**Work to complete:** For the entries below, repeat exactly each line starting with the one that contains "Serão vários os" and going on through the one that contains "Perceeloppervlakte Van Limburg", and no others.

━━━━━━━━━━━━━━━━━━━━

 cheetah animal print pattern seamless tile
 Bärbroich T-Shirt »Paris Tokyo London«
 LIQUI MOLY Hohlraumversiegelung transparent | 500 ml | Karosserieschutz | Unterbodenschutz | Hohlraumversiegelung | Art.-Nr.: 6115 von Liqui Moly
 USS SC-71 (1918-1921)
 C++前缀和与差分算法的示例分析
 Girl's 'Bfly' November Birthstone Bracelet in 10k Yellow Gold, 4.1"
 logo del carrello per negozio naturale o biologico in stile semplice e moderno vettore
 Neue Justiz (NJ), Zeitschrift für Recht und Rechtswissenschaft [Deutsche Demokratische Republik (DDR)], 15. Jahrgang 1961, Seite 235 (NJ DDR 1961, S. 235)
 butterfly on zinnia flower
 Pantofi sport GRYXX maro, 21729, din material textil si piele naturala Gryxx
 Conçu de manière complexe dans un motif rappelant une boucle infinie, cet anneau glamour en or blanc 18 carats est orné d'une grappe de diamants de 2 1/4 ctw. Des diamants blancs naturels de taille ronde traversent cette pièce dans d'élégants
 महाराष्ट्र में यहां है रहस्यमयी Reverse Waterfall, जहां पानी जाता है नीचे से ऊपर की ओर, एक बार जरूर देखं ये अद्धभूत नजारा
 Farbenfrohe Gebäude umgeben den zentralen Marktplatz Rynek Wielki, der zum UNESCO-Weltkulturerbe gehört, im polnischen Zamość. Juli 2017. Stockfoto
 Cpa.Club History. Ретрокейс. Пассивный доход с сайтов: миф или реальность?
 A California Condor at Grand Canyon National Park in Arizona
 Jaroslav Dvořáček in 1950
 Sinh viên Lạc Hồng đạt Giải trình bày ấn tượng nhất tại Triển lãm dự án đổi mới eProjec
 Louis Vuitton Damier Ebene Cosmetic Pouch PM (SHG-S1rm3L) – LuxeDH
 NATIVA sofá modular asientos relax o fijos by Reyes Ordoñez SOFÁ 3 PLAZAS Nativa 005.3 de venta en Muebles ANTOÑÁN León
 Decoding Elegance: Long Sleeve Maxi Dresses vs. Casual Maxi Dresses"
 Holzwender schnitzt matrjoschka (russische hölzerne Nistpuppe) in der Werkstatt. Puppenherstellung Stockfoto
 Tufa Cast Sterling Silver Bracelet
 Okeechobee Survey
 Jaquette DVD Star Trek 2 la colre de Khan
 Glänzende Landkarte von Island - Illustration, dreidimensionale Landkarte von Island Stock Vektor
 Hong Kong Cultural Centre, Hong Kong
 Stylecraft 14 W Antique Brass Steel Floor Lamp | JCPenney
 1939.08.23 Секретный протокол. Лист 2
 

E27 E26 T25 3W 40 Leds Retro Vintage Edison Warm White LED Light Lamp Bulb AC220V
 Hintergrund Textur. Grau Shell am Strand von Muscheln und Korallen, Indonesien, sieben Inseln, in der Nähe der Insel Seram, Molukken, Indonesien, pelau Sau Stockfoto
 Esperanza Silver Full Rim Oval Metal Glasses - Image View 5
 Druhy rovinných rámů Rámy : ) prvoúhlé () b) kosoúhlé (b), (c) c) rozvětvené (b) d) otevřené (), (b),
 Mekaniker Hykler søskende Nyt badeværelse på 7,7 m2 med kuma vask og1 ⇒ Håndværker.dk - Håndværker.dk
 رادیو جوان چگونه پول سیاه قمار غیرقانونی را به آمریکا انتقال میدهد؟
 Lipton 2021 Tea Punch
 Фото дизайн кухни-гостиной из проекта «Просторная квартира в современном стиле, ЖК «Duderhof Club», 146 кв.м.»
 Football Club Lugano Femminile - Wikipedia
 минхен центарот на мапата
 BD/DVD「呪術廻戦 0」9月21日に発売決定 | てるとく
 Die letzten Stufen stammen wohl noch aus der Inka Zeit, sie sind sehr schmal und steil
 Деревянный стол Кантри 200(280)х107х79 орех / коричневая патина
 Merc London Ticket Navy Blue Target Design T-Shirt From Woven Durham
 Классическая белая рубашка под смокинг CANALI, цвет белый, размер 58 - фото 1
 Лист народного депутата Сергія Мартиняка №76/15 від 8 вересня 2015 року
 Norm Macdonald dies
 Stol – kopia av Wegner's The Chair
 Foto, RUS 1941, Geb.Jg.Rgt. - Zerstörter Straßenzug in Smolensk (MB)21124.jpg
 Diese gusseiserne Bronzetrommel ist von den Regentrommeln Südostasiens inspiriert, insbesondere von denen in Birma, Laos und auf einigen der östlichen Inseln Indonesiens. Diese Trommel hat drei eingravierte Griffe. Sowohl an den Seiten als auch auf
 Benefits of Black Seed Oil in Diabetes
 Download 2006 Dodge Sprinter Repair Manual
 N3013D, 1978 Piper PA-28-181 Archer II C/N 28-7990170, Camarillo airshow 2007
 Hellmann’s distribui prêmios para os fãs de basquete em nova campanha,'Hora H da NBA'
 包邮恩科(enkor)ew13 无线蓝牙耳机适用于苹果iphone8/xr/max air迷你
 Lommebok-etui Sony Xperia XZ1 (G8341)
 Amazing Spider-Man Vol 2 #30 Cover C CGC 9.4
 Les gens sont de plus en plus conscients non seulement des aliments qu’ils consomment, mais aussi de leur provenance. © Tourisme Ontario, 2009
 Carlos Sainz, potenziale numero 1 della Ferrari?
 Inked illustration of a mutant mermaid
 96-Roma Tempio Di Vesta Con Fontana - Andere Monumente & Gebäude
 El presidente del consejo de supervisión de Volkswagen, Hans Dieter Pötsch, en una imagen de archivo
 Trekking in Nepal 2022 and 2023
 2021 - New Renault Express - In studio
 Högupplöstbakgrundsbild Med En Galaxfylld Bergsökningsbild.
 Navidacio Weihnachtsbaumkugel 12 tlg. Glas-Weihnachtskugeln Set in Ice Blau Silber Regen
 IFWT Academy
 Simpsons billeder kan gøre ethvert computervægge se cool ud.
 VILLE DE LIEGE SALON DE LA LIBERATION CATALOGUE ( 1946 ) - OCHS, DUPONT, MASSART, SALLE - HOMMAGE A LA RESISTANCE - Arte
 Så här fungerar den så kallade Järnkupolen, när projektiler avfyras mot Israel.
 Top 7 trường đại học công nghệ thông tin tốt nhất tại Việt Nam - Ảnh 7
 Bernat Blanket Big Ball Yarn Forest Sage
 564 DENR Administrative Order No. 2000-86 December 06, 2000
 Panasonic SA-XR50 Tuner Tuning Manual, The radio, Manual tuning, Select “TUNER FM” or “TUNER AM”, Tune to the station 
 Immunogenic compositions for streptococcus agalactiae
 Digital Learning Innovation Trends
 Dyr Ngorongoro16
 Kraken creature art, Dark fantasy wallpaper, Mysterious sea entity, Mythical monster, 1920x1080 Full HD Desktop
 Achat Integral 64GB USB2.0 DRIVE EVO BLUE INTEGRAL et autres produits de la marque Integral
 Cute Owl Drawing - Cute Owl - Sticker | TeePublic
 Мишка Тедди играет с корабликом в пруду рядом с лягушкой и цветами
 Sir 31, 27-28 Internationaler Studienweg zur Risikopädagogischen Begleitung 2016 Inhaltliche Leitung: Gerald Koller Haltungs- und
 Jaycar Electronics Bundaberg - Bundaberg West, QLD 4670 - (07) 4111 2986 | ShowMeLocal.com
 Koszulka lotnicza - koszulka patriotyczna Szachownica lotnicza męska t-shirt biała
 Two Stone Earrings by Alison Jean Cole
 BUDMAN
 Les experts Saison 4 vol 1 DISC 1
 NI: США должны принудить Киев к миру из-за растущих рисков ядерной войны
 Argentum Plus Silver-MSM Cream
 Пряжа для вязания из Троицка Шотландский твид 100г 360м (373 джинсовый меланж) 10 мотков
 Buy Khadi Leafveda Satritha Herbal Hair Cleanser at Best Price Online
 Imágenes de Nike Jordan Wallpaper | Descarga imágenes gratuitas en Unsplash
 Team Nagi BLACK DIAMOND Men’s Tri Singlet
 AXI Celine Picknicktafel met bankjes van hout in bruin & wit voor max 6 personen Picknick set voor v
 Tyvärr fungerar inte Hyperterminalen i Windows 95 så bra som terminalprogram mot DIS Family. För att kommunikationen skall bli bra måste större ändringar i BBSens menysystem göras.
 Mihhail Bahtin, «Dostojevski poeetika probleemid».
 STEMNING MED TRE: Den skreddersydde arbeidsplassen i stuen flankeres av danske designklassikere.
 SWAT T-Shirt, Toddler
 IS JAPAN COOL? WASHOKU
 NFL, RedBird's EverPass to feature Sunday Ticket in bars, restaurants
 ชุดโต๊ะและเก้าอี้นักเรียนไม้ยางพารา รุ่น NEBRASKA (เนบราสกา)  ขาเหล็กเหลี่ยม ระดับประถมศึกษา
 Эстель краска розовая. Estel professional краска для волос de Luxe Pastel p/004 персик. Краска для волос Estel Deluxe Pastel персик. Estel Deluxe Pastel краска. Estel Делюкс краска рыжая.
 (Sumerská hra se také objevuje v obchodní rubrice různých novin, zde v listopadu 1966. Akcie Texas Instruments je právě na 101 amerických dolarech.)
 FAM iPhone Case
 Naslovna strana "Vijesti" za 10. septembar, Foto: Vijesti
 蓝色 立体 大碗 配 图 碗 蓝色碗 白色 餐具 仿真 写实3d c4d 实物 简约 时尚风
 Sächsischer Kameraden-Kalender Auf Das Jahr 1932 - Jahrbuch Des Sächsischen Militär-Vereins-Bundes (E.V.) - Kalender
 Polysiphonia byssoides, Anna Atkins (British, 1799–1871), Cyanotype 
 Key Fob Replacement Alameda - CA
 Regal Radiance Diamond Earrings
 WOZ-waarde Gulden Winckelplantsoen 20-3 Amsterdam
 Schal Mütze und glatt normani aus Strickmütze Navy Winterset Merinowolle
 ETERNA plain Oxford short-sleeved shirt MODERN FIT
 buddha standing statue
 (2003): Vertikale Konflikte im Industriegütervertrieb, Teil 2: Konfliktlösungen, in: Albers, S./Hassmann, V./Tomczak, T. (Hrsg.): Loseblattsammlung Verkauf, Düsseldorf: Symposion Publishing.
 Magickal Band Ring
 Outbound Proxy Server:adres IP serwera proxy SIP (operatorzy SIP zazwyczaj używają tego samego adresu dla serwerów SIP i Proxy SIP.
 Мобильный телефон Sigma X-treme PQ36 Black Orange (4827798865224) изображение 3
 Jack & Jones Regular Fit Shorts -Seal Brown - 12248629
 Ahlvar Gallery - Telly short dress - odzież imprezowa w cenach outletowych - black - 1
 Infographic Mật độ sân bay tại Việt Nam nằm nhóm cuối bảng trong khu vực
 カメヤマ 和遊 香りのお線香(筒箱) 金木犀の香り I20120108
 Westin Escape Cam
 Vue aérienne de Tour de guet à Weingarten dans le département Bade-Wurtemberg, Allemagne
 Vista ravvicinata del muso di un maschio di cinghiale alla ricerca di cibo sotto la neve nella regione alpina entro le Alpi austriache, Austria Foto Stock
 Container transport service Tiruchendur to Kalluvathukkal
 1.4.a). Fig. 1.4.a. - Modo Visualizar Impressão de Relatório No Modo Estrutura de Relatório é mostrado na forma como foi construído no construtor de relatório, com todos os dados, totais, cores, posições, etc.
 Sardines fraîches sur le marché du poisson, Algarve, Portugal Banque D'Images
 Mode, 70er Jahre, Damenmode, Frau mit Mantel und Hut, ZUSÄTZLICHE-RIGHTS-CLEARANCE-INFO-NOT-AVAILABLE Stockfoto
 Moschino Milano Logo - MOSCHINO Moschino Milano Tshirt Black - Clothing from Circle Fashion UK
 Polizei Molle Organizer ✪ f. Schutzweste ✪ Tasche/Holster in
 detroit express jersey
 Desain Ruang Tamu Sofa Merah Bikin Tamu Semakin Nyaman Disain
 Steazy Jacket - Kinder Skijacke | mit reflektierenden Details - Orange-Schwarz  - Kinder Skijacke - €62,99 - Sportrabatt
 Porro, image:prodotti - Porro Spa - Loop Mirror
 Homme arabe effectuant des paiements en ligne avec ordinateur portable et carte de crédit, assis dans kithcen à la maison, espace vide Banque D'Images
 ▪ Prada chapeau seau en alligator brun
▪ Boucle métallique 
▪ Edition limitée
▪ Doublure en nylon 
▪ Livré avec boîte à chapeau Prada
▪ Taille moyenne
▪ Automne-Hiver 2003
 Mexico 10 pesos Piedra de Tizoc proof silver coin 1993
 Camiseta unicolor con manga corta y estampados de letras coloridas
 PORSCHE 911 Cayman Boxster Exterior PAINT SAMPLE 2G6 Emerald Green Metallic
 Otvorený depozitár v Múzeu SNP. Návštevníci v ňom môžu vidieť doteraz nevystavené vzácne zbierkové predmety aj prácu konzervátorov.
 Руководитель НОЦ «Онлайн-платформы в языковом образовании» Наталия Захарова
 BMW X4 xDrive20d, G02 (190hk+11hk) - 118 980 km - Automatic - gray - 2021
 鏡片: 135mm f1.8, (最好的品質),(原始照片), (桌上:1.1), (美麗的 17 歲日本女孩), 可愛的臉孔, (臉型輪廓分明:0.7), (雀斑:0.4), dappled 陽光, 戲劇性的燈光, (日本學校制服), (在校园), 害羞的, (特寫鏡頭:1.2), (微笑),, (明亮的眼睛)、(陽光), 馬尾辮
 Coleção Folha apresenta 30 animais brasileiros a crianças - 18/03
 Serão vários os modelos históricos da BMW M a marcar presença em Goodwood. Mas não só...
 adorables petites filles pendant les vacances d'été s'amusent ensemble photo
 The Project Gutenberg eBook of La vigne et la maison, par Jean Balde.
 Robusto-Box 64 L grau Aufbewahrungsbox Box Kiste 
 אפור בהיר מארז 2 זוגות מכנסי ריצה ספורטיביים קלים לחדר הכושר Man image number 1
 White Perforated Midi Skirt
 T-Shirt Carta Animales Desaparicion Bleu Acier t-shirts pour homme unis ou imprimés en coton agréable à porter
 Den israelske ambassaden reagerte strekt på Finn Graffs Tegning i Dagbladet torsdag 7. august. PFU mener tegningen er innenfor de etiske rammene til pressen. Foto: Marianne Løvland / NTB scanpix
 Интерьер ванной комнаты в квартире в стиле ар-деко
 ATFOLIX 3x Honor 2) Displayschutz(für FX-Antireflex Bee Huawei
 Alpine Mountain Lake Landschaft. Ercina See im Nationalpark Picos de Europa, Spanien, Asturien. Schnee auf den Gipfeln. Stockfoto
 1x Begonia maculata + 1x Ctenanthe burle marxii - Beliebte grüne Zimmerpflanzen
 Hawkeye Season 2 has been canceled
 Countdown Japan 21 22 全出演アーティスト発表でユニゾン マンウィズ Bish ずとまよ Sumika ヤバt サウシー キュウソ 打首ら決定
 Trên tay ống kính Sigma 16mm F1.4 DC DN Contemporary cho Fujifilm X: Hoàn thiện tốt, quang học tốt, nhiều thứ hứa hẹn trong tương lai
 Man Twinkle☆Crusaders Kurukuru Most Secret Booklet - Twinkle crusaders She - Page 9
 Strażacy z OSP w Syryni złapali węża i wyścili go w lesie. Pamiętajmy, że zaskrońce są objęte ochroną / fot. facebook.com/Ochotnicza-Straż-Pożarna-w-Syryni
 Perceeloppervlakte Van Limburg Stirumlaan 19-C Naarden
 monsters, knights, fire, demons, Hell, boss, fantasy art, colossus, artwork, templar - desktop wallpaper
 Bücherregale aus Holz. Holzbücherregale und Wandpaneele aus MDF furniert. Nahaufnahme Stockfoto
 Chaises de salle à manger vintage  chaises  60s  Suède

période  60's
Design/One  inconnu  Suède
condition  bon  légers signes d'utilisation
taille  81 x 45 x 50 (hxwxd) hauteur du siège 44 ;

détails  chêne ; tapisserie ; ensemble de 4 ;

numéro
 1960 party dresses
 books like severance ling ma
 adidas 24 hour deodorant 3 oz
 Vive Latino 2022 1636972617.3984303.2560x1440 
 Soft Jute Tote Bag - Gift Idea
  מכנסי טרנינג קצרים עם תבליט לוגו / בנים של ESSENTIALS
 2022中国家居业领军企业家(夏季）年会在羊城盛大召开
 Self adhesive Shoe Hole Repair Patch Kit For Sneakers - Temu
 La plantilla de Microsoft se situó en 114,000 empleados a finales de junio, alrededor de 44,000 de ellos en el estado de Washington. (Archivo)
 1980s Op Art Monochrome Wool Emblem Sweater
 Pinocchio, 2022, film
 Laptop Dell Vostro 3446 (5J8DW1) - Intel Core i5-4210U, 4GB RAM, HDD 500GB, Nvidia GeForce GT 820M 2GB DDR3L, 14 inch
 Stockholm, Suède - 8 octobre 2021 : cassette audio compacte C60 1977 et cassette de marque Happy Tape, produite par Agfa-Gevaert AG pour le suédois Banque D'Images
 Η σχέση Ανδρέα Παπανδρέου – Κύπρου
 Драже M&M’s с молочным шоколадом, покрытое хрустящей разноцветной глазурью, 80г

━━━━━━━━━━━━━━━━━━━━

**Exercise answer:**
 Serão vários os modelos históricos da BMW M a marcar presença em Goodwood. Mas não só...
 adorables petites filles pendant les vacances d'été s'amusent ensemble photo
 The Project Gutenberg eBook of La vigne et la maison, par Jean Balde.
 Robusto-Box 64 L grau Aufbewahrungsbox Box Kiste 
 אפור בהיר מארז 2 זוגות מכנסי ריצה ספורטיביים קלים לחדר הכושר Man image number 1
 White Perforated Midi Skirt
 T-Shirt Carta Animales Desaparicion Bleu Acier t-shirts pour homme unis ou imprimés en coton agréable à porter
 Den israelske ambassaden reagerte strekt på Finn Graffs Tegning i Dagbladet torsdag 7. august. PFU mener tegningen er innenfor de etiske rammene til pressen. Foto: Marianne Løvland / NTB scanpix
 Интерьер ванной комнаты в квартире в стиле ар-деко
 ATFOLIX 3x Honor 2) Displayschutz(für FX-Antireflex Bee Huawei
 Alpine Mountain Lake Landschaft. Ercina See im Nationalpark Picos de Europa, Spanien, Asturien. Schnee auf den Gipfeln. Stockfoto
 1x Begonia maculata + 1x Ctenanthe burle marxii - Beliebte grüne Zimmerpflanzen
 Hawkeye Season 2 has been canceled
 Countdown Japan 21 22 全出演アーティスト発表でユニゾン マンウィズ Bish ずとまよ Sumika ヤバt サウシー キュウソ 打首ら決定
 Trên tay ống kính Sigma 16mm F1.4 DC DN Contemporary cho Fujifilm X: Hoàn thiện tốt, quang học tốt, nhiều thứ hứa hẹn trong tương lai
 Man Twinkle☆Crusaders Kurukuru Most Secret Booklet - Twinkle crusaders She - Page 9
 Strażacy z OSP w Syryni złapali węża i wyścili go w lesie. Pamiętajmy, że zaskrońce są objęte ochroną / fot. facebook.com/Ochotnicza-Straż-Pożarna-w-Syryni
 Perceeloppervlakte Van Limburg Stirumlaan 19-C Naarden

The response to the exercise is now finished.